When American Poets Fought over Judaism https://mosaicmagazine.com/picks/arts-culture/2019/11/when-american-poets-fought-over-judaism/

November 27, 2019 | Meir Soloveichik
About the author: Meir Soloveichik is the rabbi of Congregation Shearith Israel and the director of the Straus Center for Torah and Western Thought at Yeshiva University. His new website, containing all of his media appearances, podcasts, and writing, can be found at meirsoloveichik.com.

In 1854, two years after visiting America’s oldest synagogue, Henry Wadsworth Longfellow published a poem titled “The Jewish Cemetery in Newport,” expressing admiration for the Jews and sympathy with their history of persecution, but treating them as if they were extinct or close to it. It concludes by lamenting Israel’s position among “the dead nations” that will “never rise again.” Fifteen years later, a young Emma Lazarus—until then uninterested in Jewish matters—would visit the same synagogue, and be inspired to write a poetic rejoinder. Meir Soloveichik writes:

Something—national indignation, family pride, or profound religious insight—welled up within her, and the teenager drafted a poem in response. Mimicking Longfellow’s meter, she chose a title that reflected a difference of emphasis: “In the Jewish Synagogue at Newport.” For Lazarus, it was the sanctuary where her predecessors had prayed that was the truly inspiring site more than their burial ground. The poem focuses on the lives they lived, rather than on their deaths.

Lazarus gives tribute to the radiance of freedom her forefathers had found in America, but she reflects on how the synagogue transported a visitor from the present to the roots of the Jewish people. . . . No one had read from the Torah in that synagogue in decades, yet standing there, in communion with her predecessors, Lazarus felt herself travel back in time back to Sinai itself: “A wondrous light upon a sky-kissed mount,/ A man who reads Jehovah’s written law,/ ’Midst blinding glory and effulgence rare,/ Unto a people prone with reverent awe.”
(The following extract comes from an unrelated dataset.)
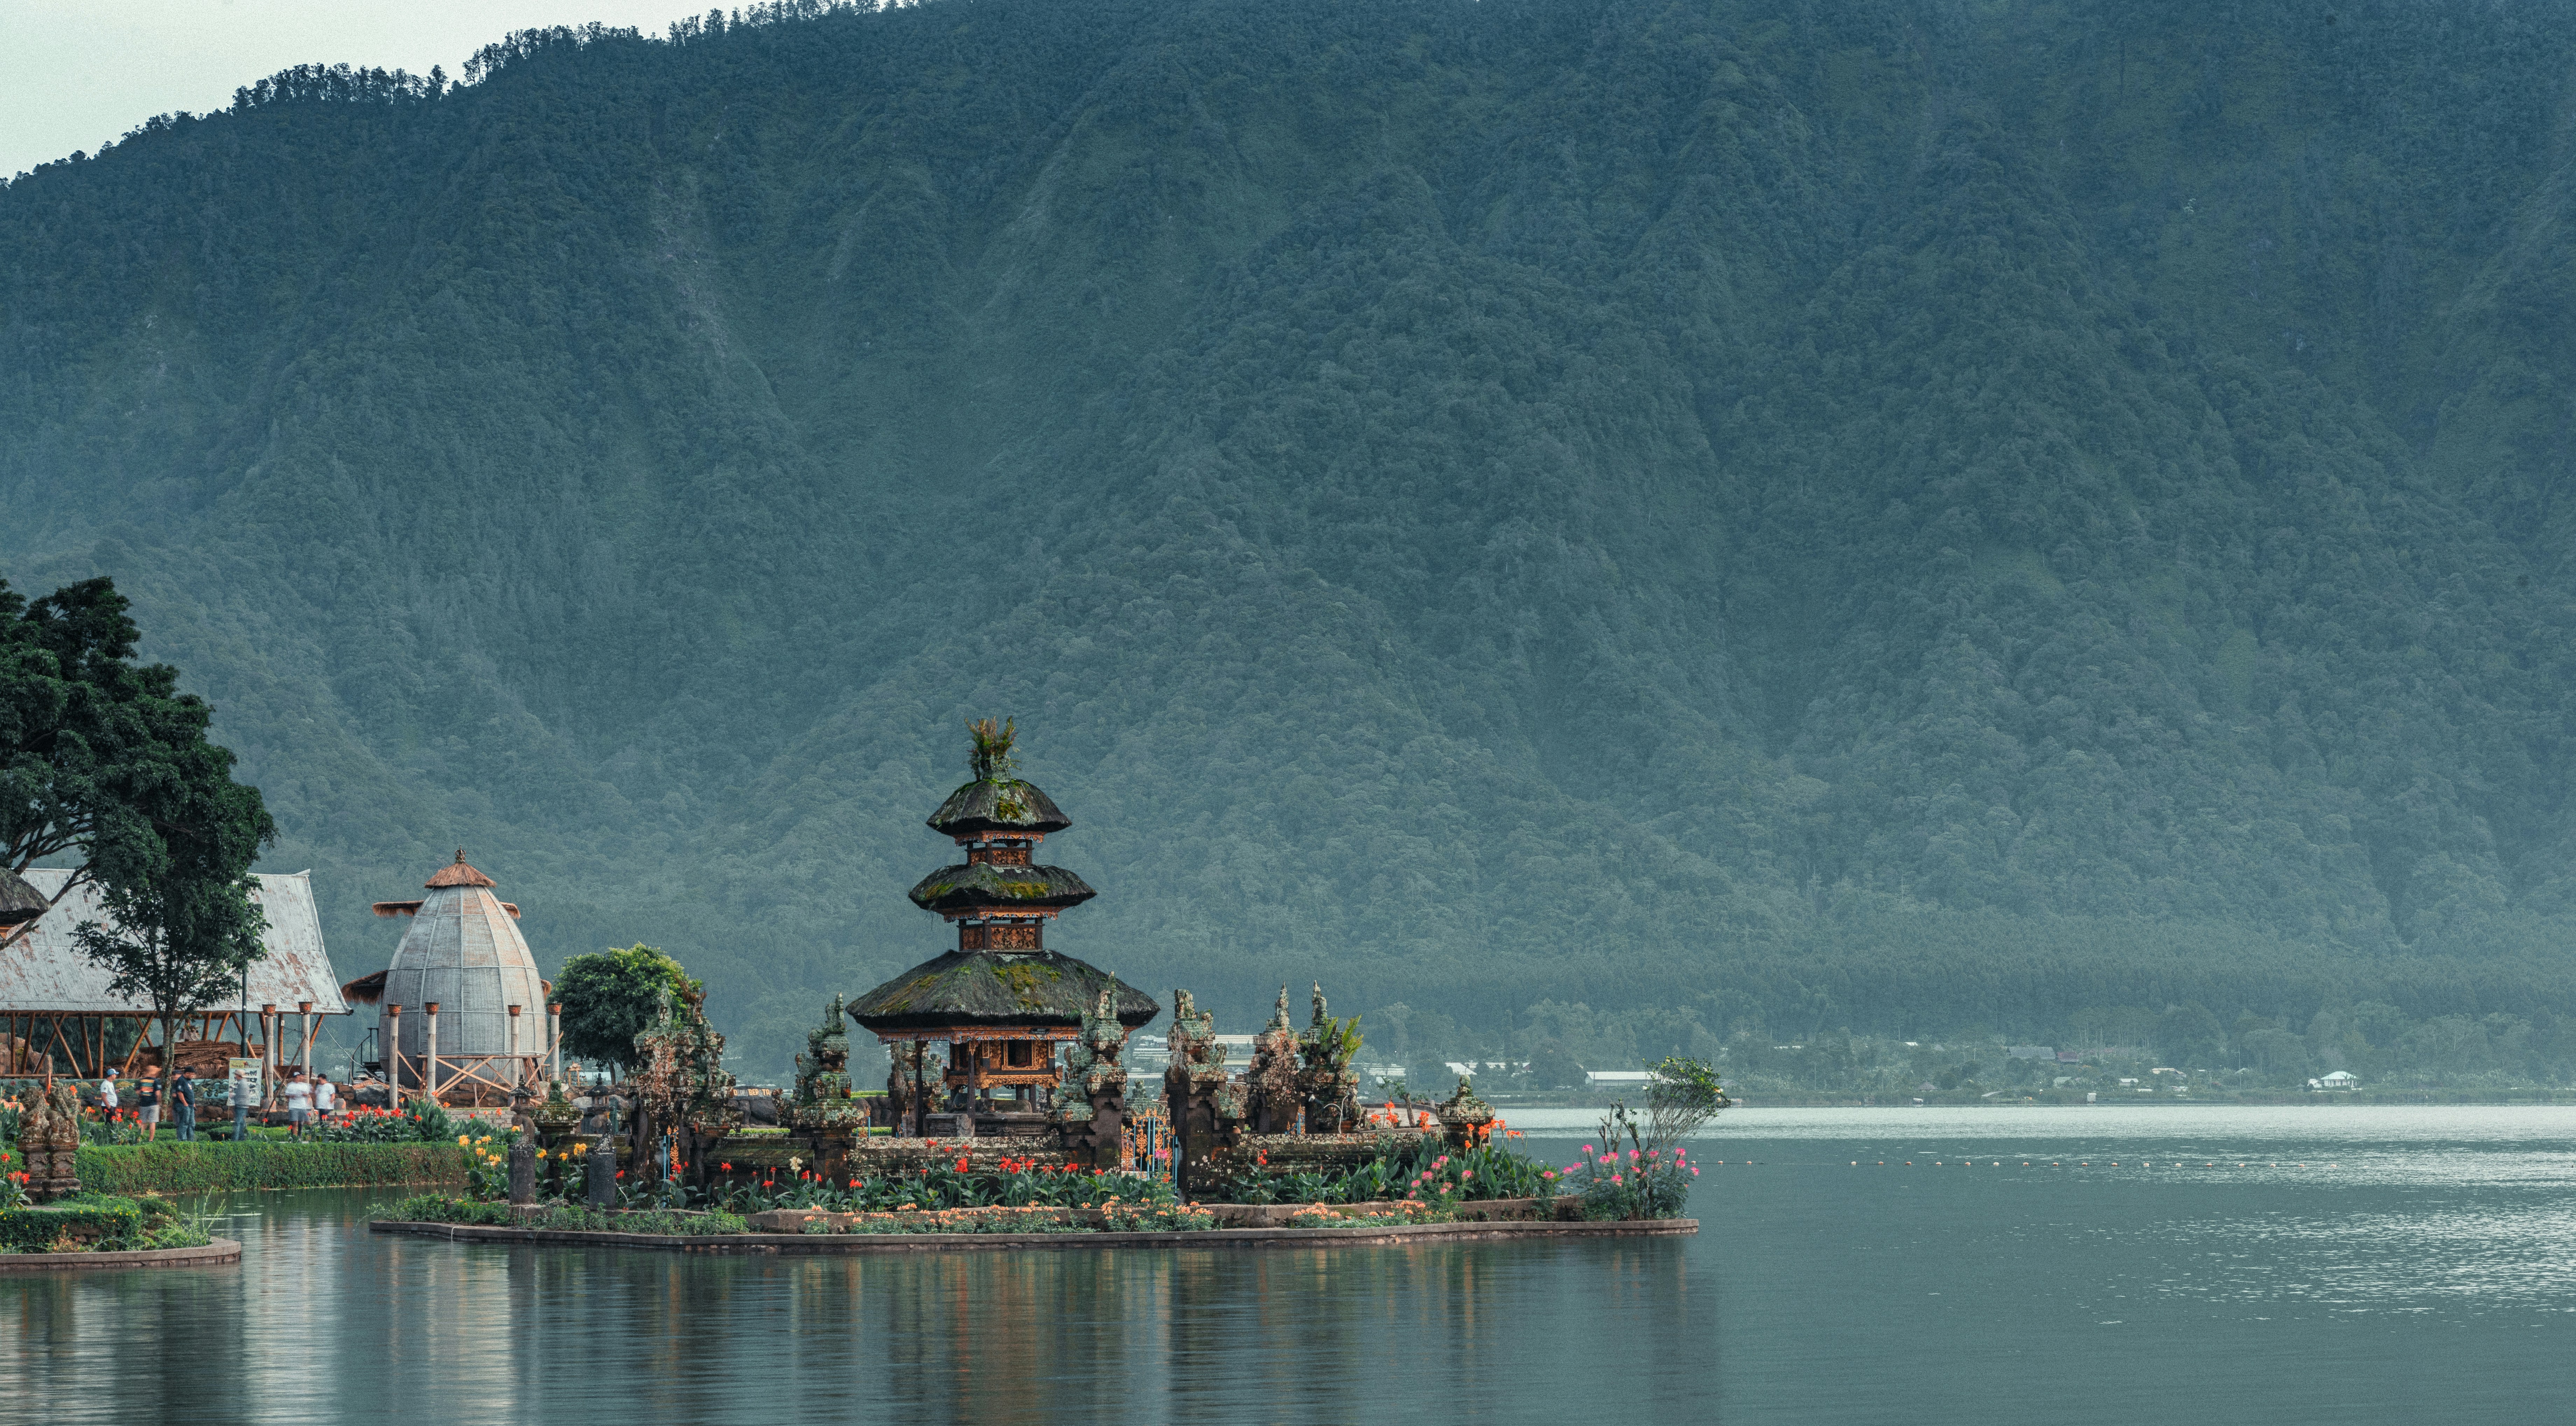 Pura Ulun Danu Beratan, or Pura Bratan, is a major Hindu Shaivite water temple on Bali, Indonesia. The temple complex is located on the shores of Lake Bratan in the mountains near Bedugul.

For many American Jews, Lazarus’ ode to America [at the Statue of Liberty] is rightly associated with our ancestors’ immigration and the blessings of freedom. At the same time, the Jewish arrival in America was to a great extent followed by abandonment of Jewish identity. Many American Jews might readily identify with the legacy of liberty associated with Newport, but less so with [the] struggle to keep Judaism alive.